● **THE PROBLEM**: Go to the line that contains "Shorts uhlsport rot/marine", then write out that line and all that follow to the end of the listing, exactly and without pictures.
───
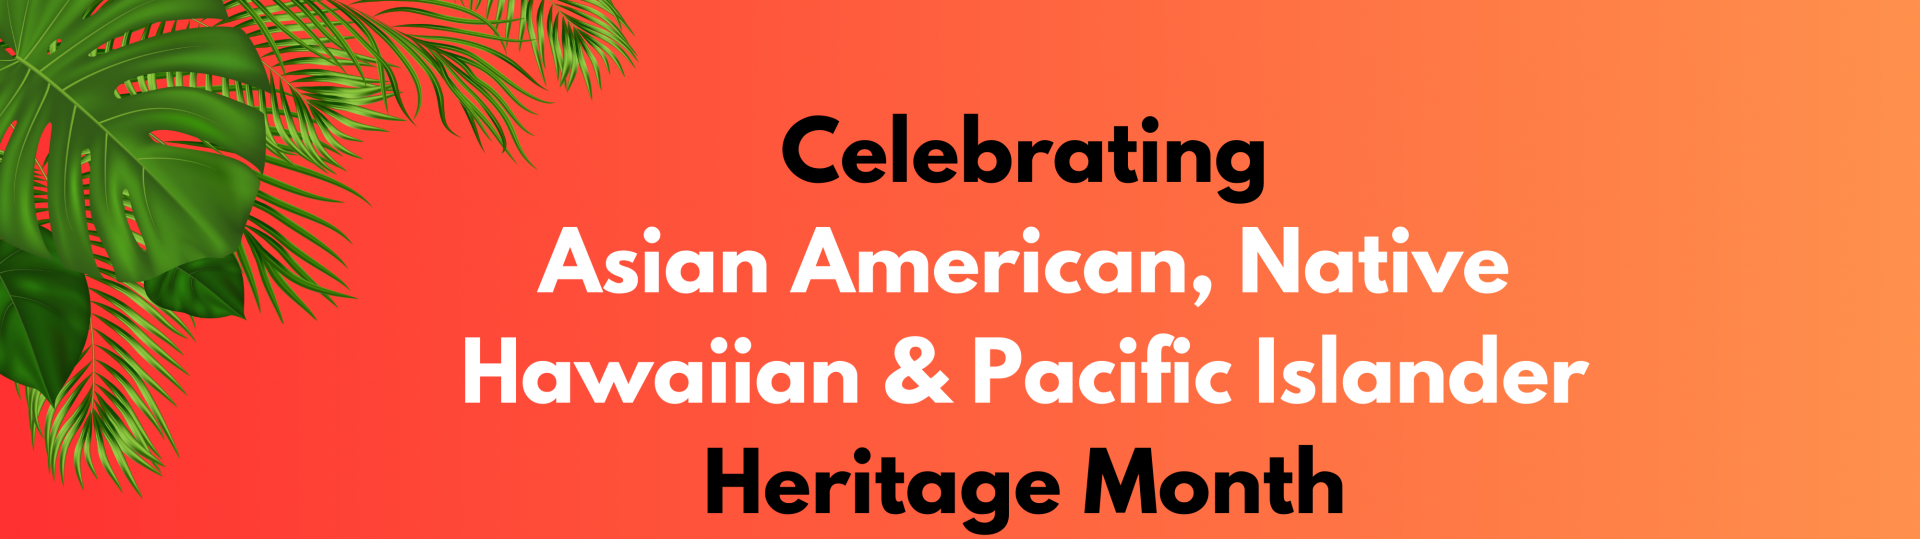 Celebrating AANHPI Heritage Month
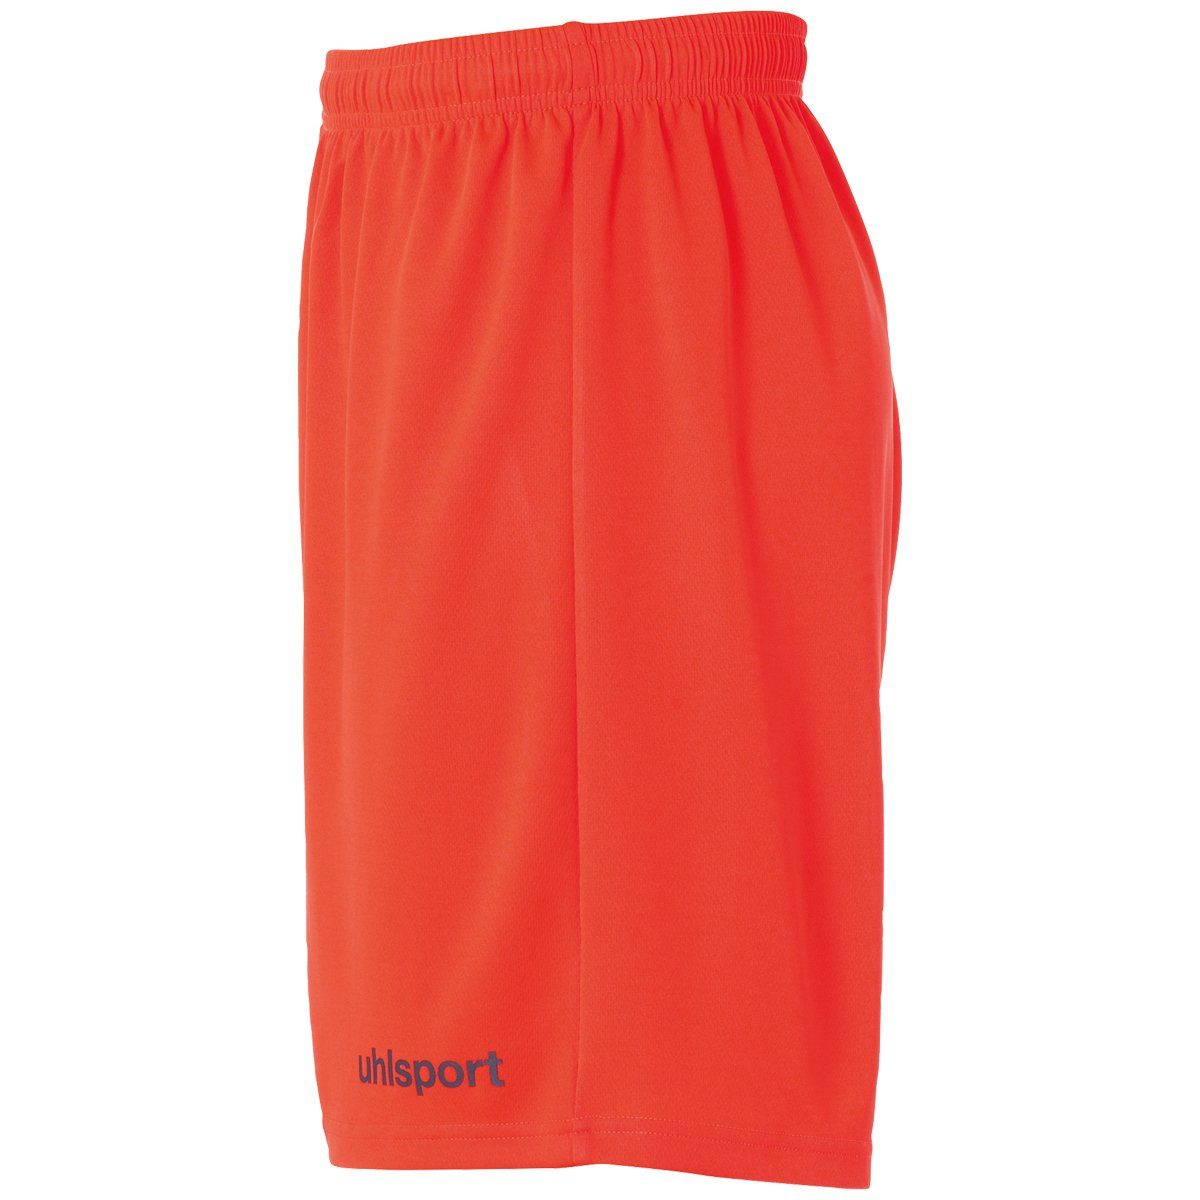 Shorts uhlsport rot/marine fluo uhlsport Shorts
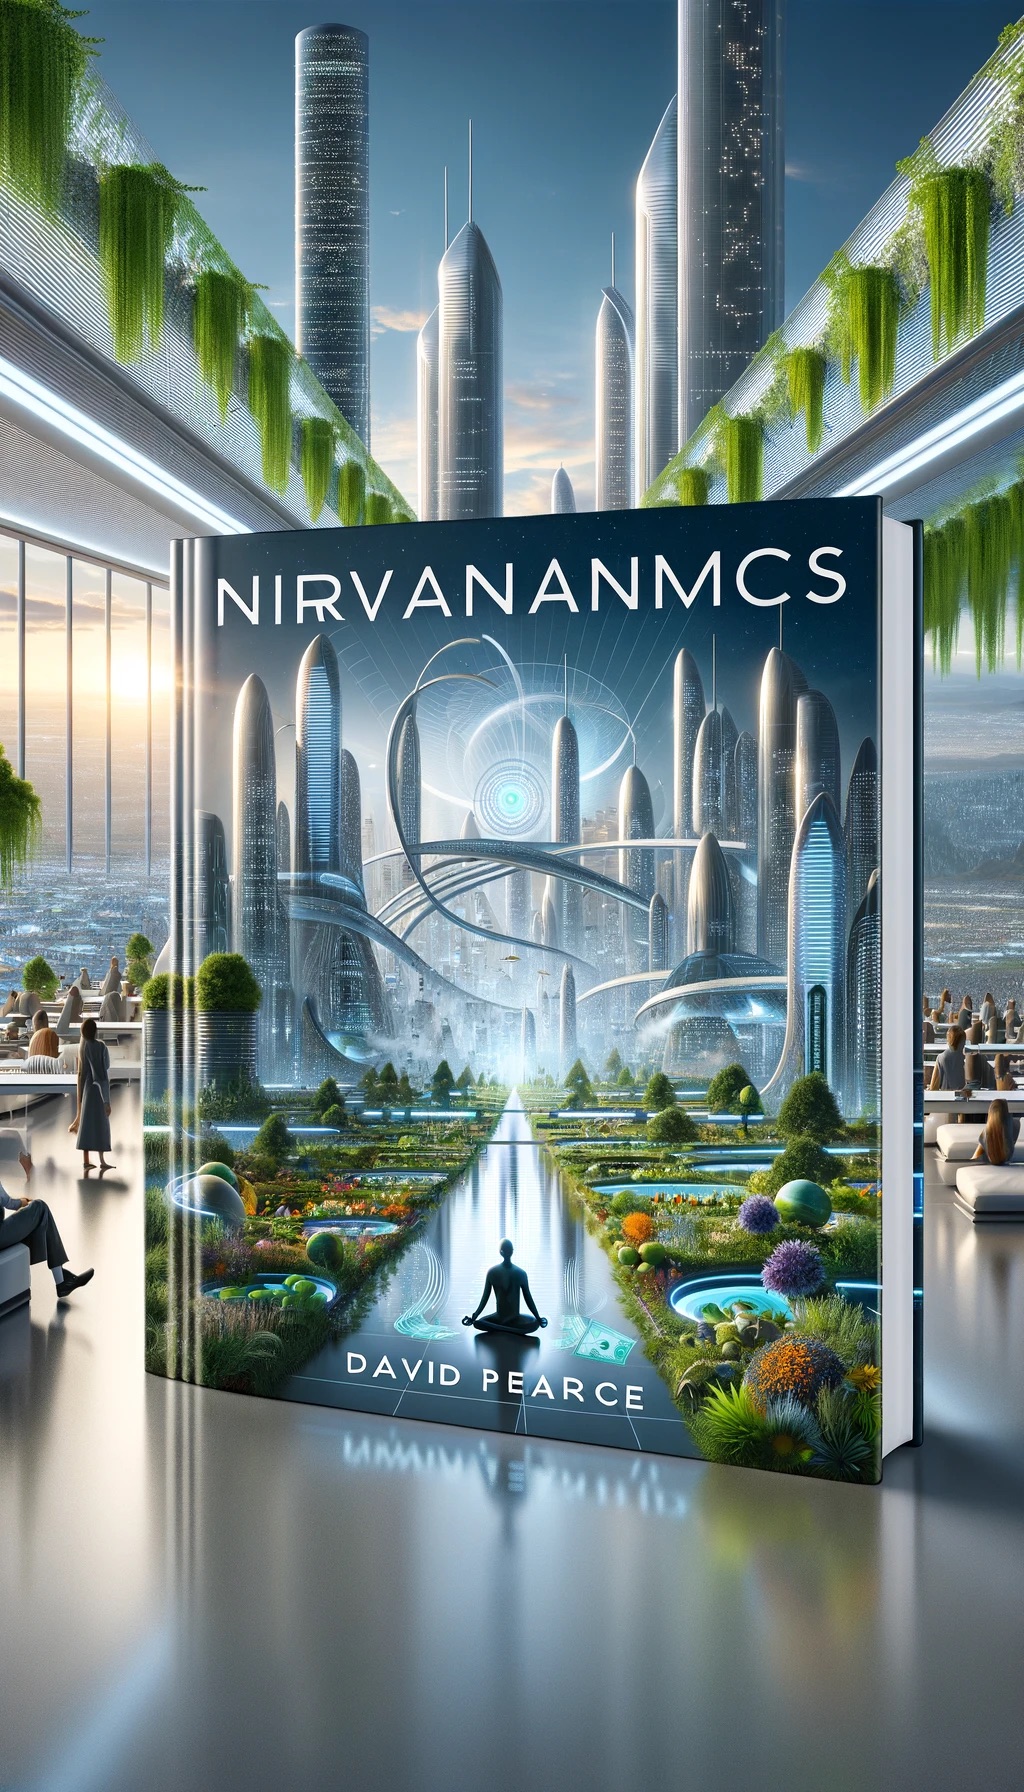 Nirvananomics by David Pearce
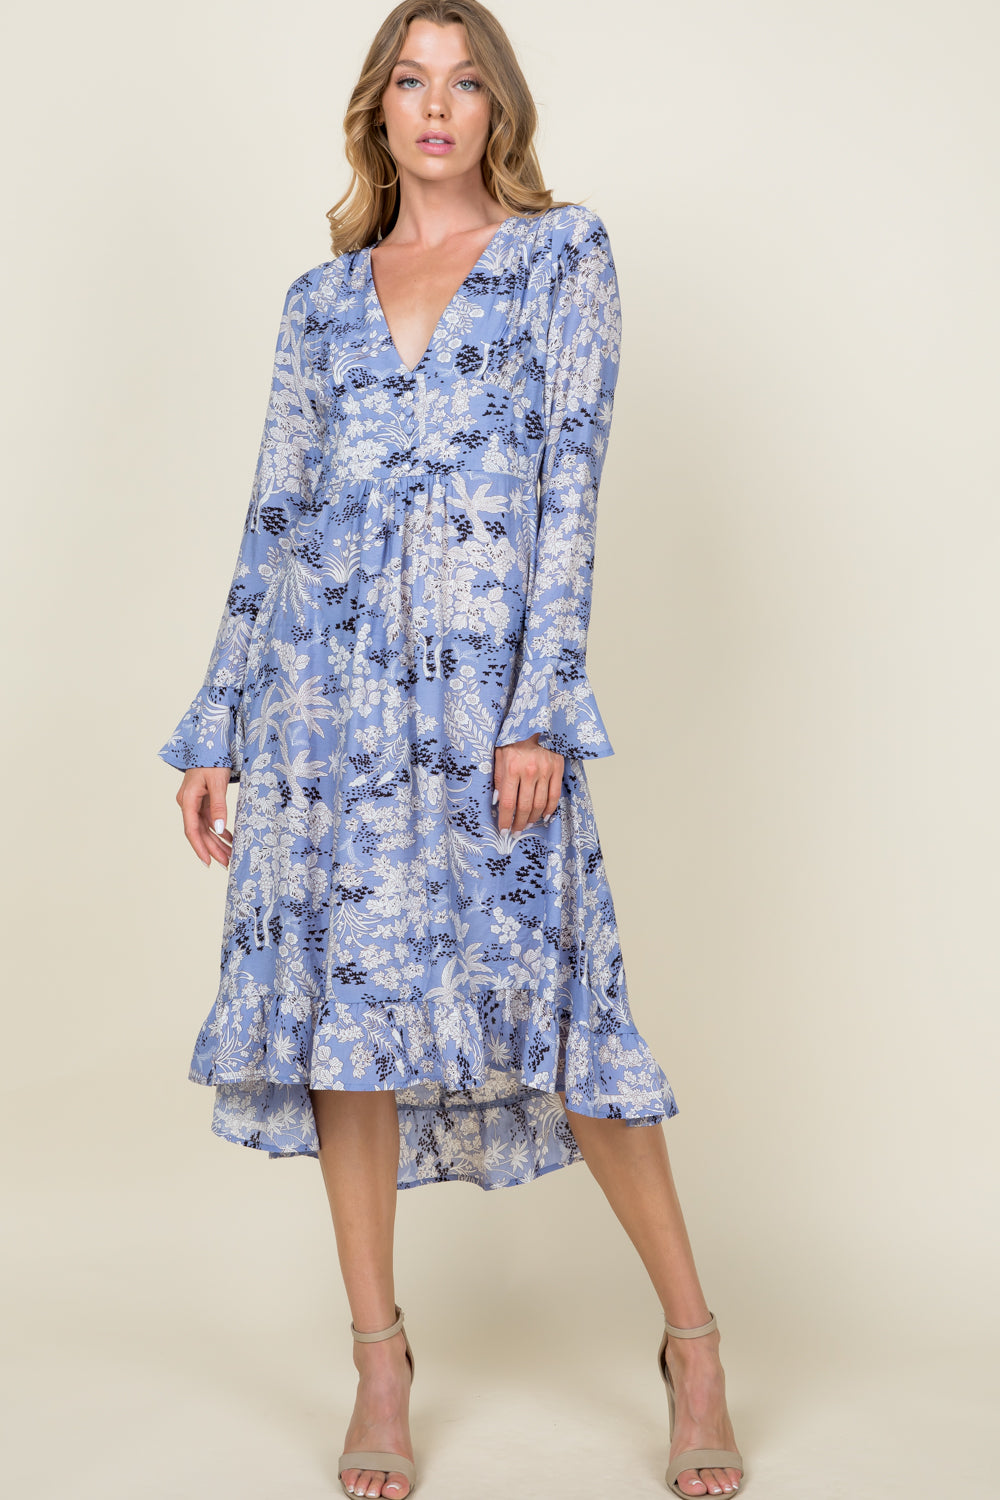 [$6/piece] Floral Ruffle Dress
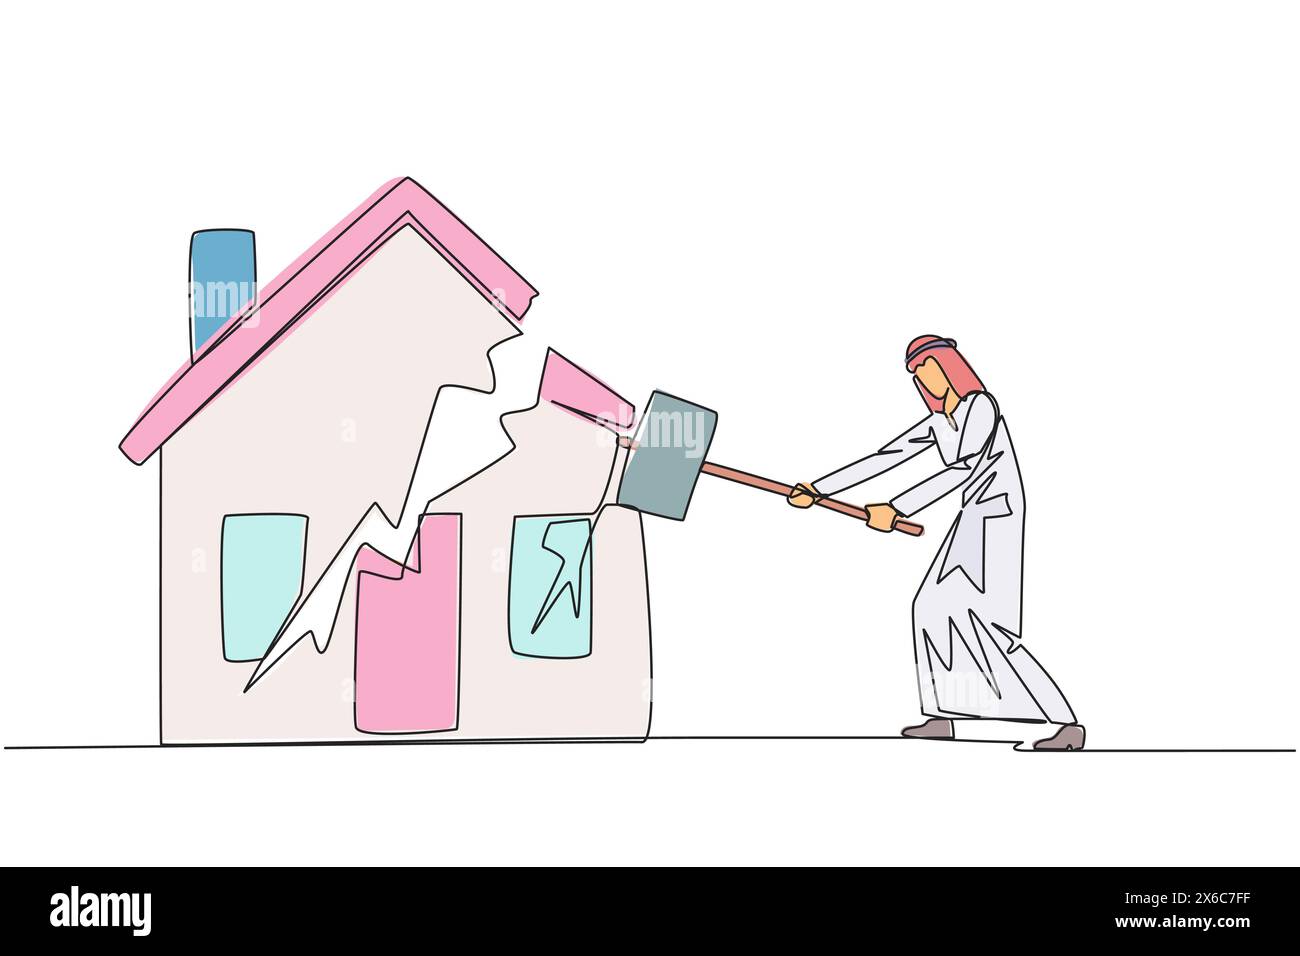 Simple une ligne dessinant homme d'affaires arabe se préparant à frapper maison miniature. Métaphore de la maison comme garantie de paiement. Échoue. La maison est partie. Bankru Illustration de Vecteur
───
● **ANSWER BOX**:
 Shorts uhlsport rot/marine fluo uhlsport Shorts
 Nirvananomics by David Pearce
 [$6/piece] Floral Ruffle Dress
 Simple une ligne dessinant homme d'affaires arabe se préparant à frapper maison miniature. Métaphore de la maison comme garantie de paiement. Échoue. La maison est partie. Bankru Illustration de Vecteur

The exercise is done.